• Goal of the exercise: Once you reach the line with "Пример написания шрифтом", copy it and every line after it exactly, up to the end of the data. Omit the pictures.

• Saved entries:
+++
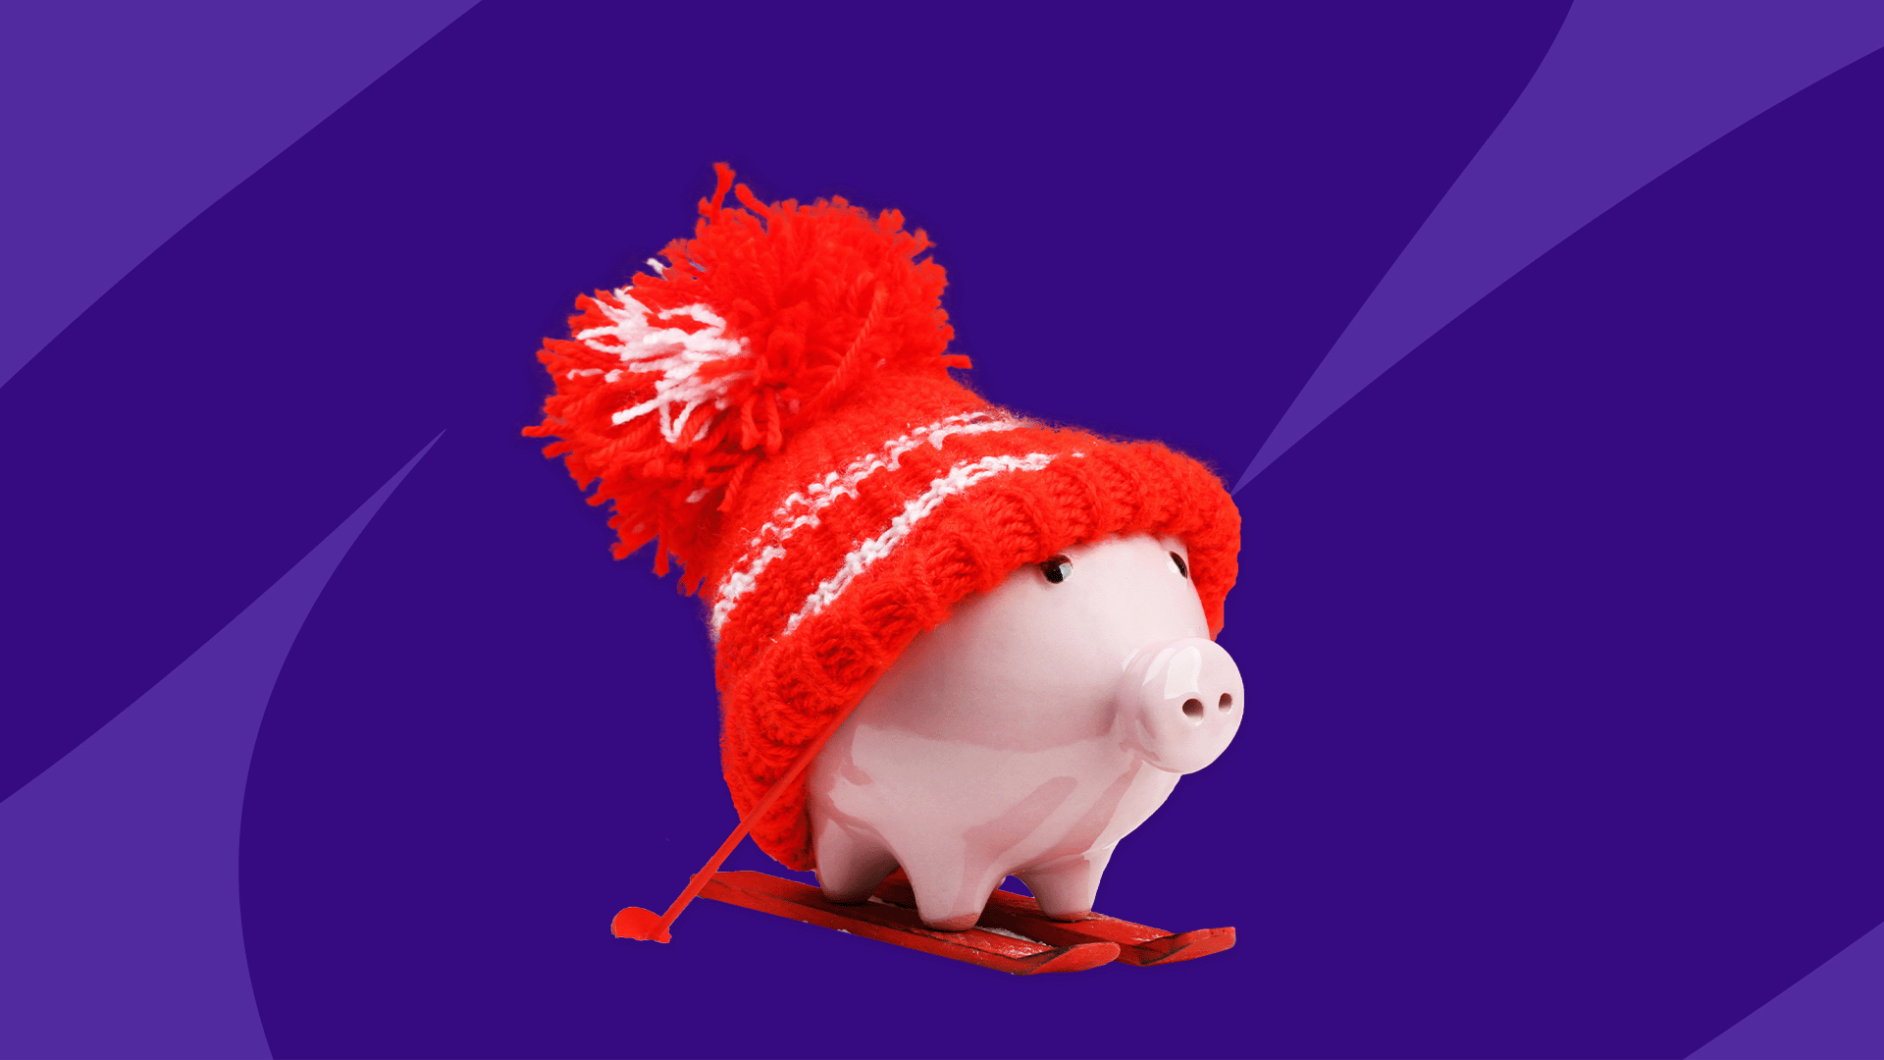 piggy bank wearing a knit hat - SingleCare reviews
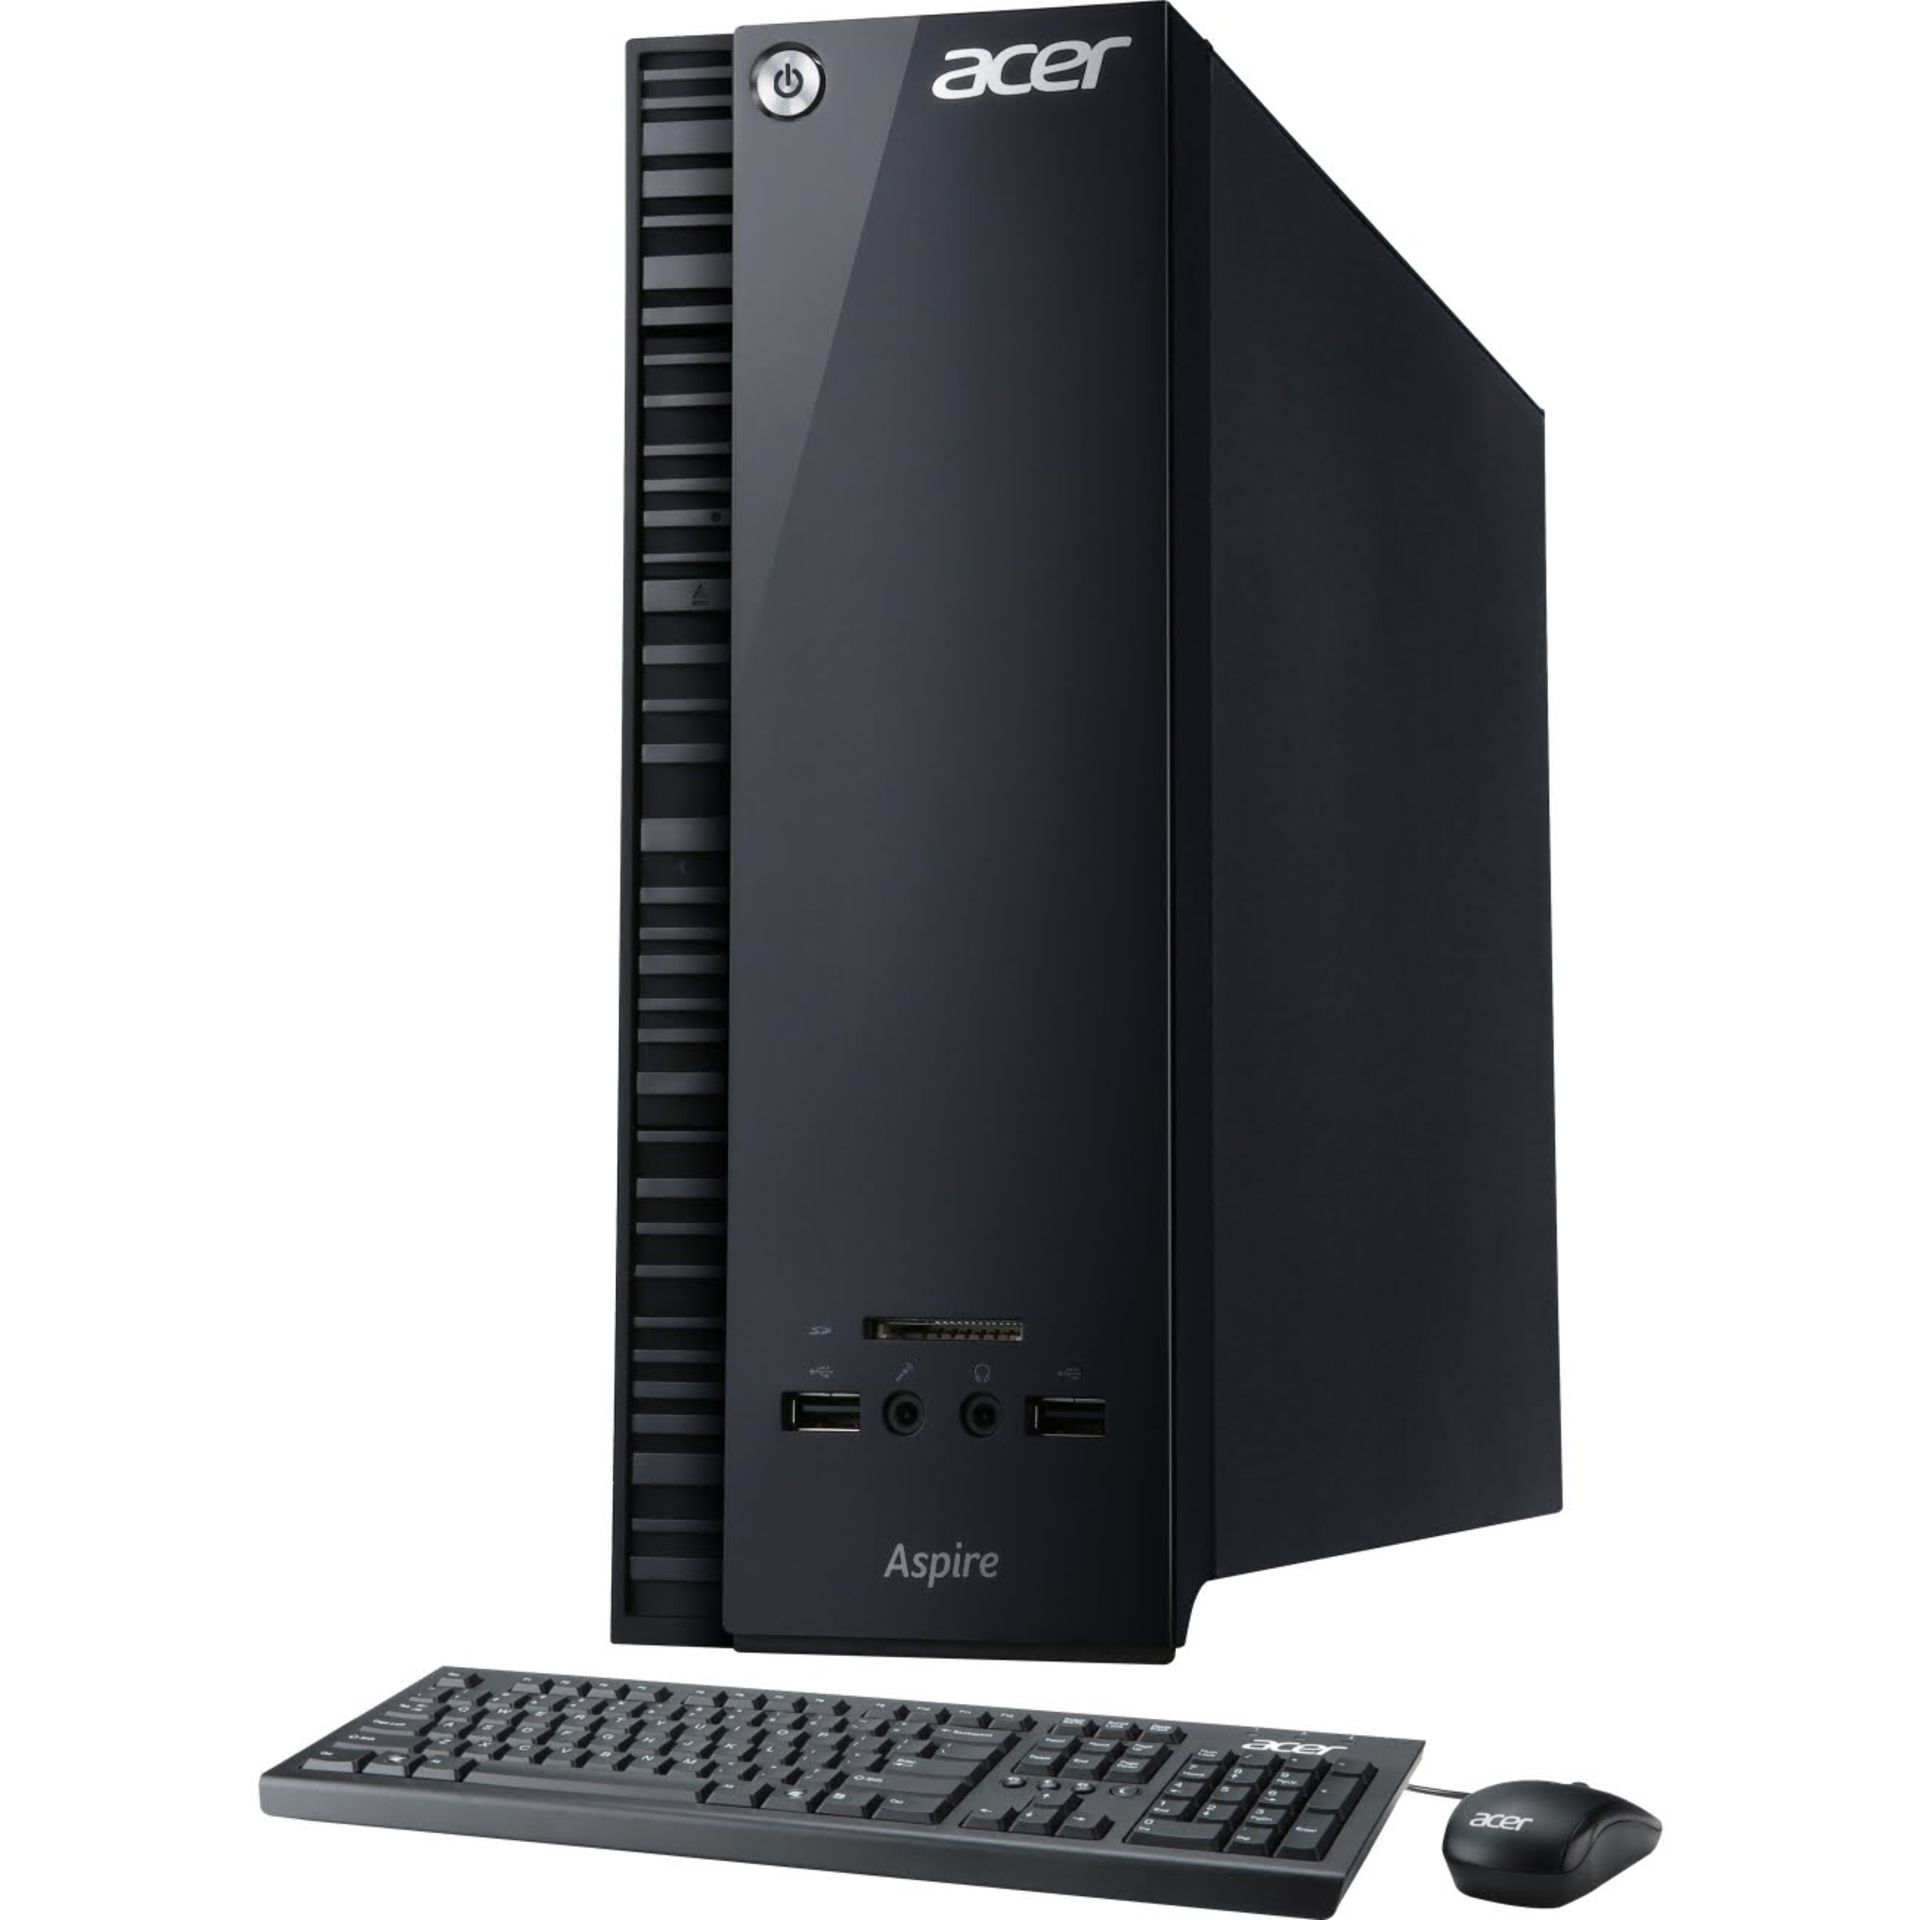 Grade A Acer Aspire Xc-704 Computer With 8GB DDR3 RAM, 2TB Hard Drive, USB Keyboard, USB Optical
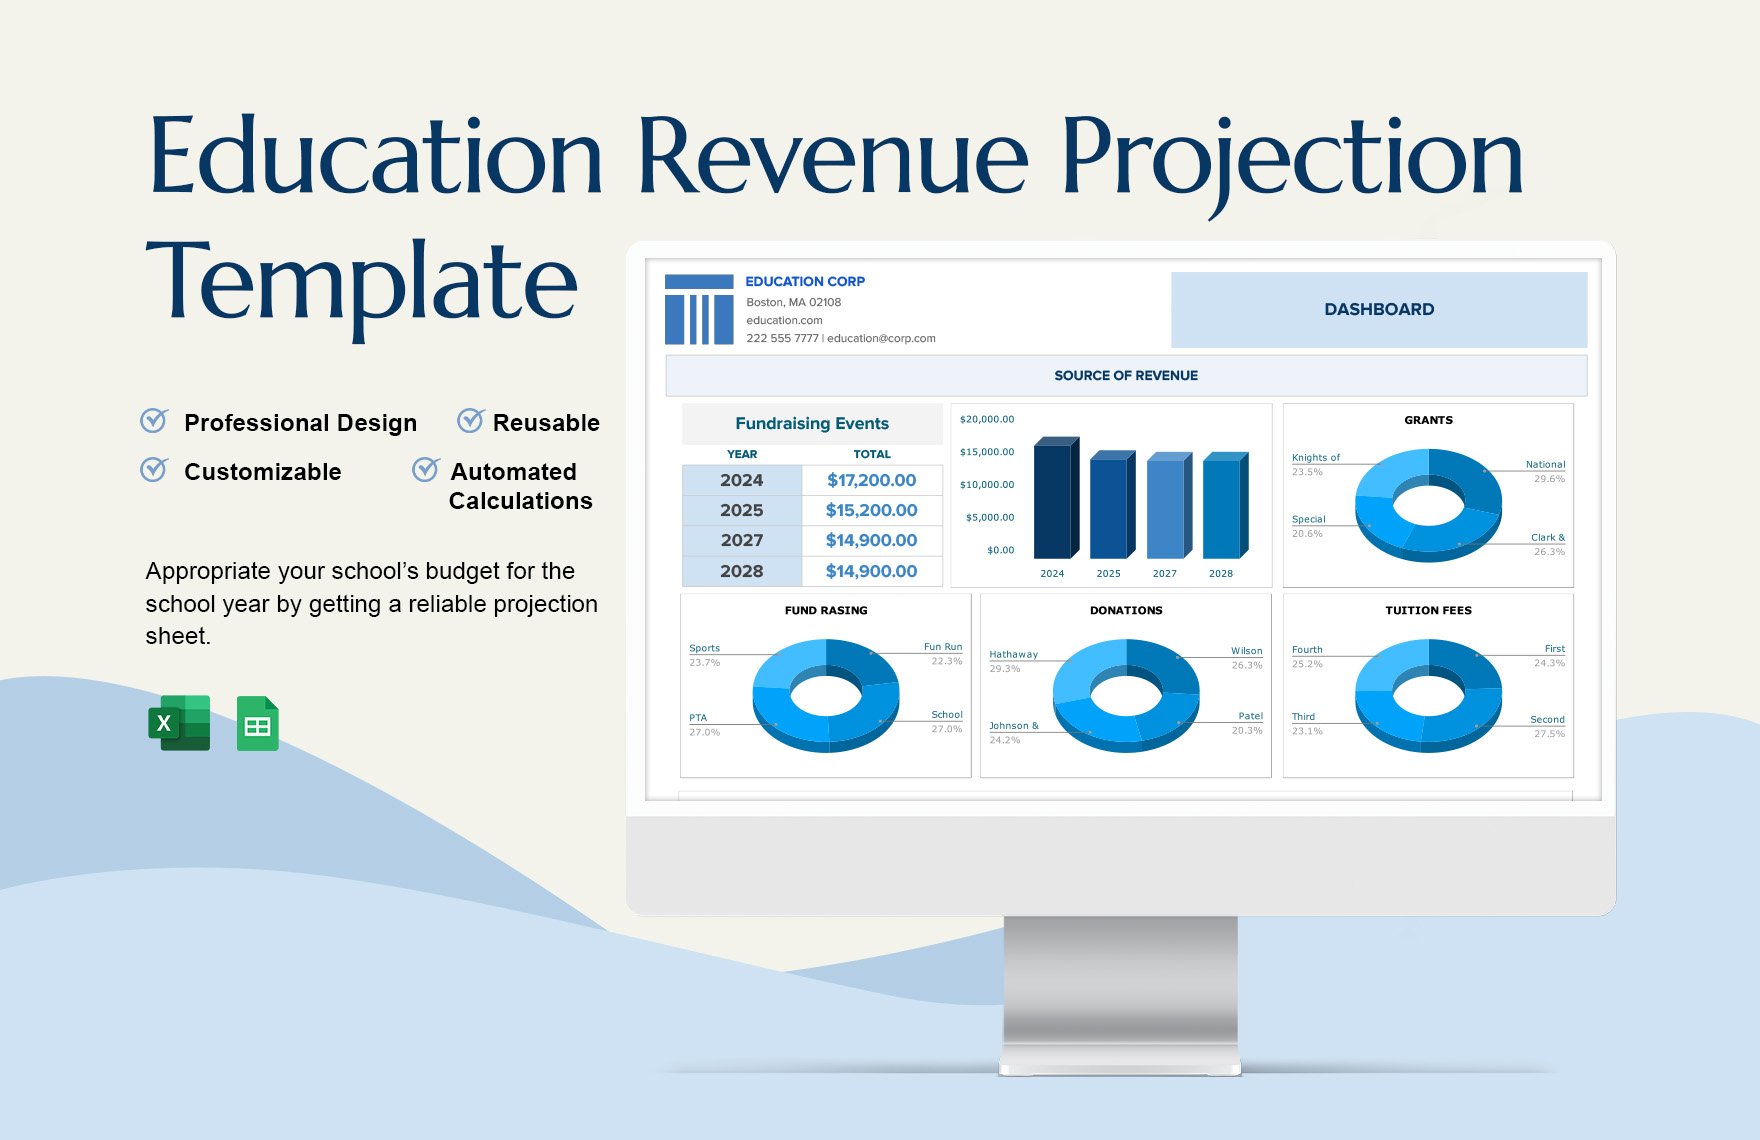 Education Revenue Projection Template
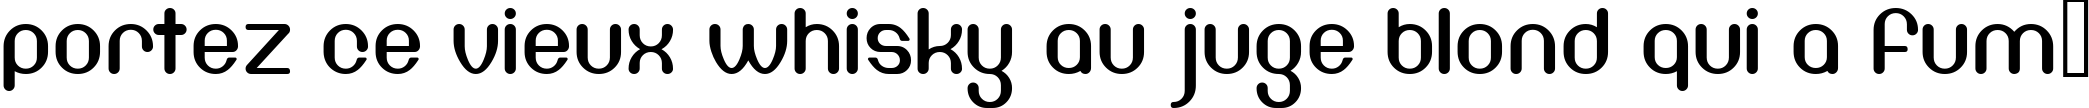 Пример написания шрифтом DF667  Chlorine текста на французском
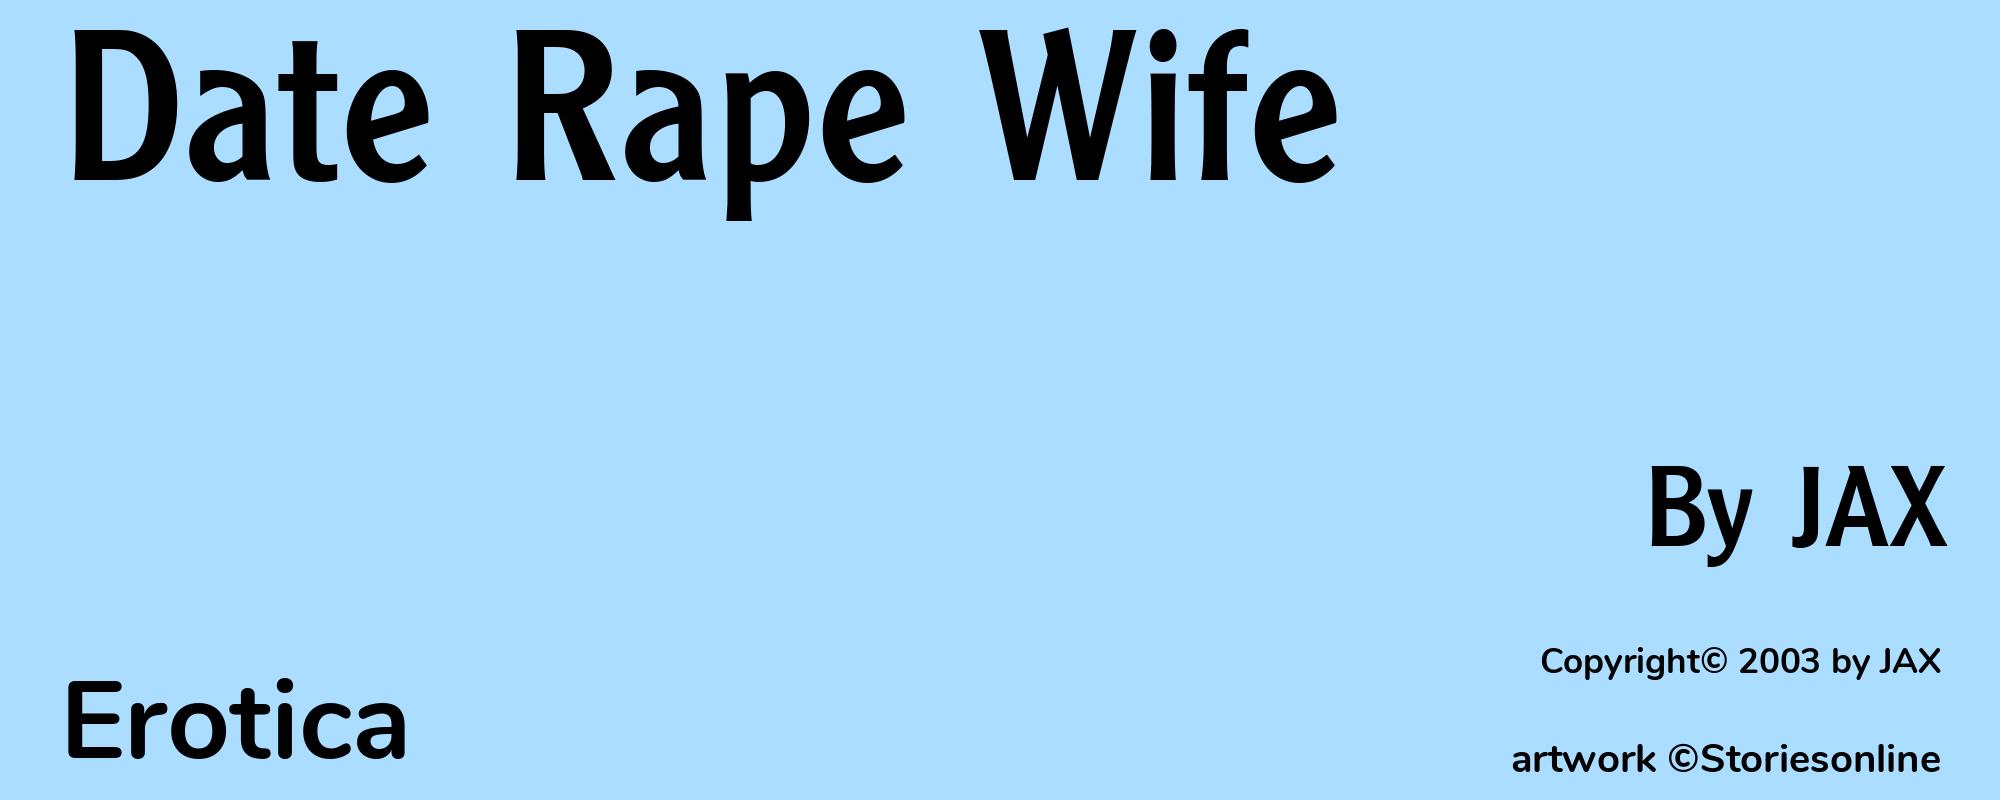 Date Rape Wife - Cover
+++
• Answer section:
 Пример написания шрифтом DF667  Chlorine текста на французском
 Date Rape Wife - Cover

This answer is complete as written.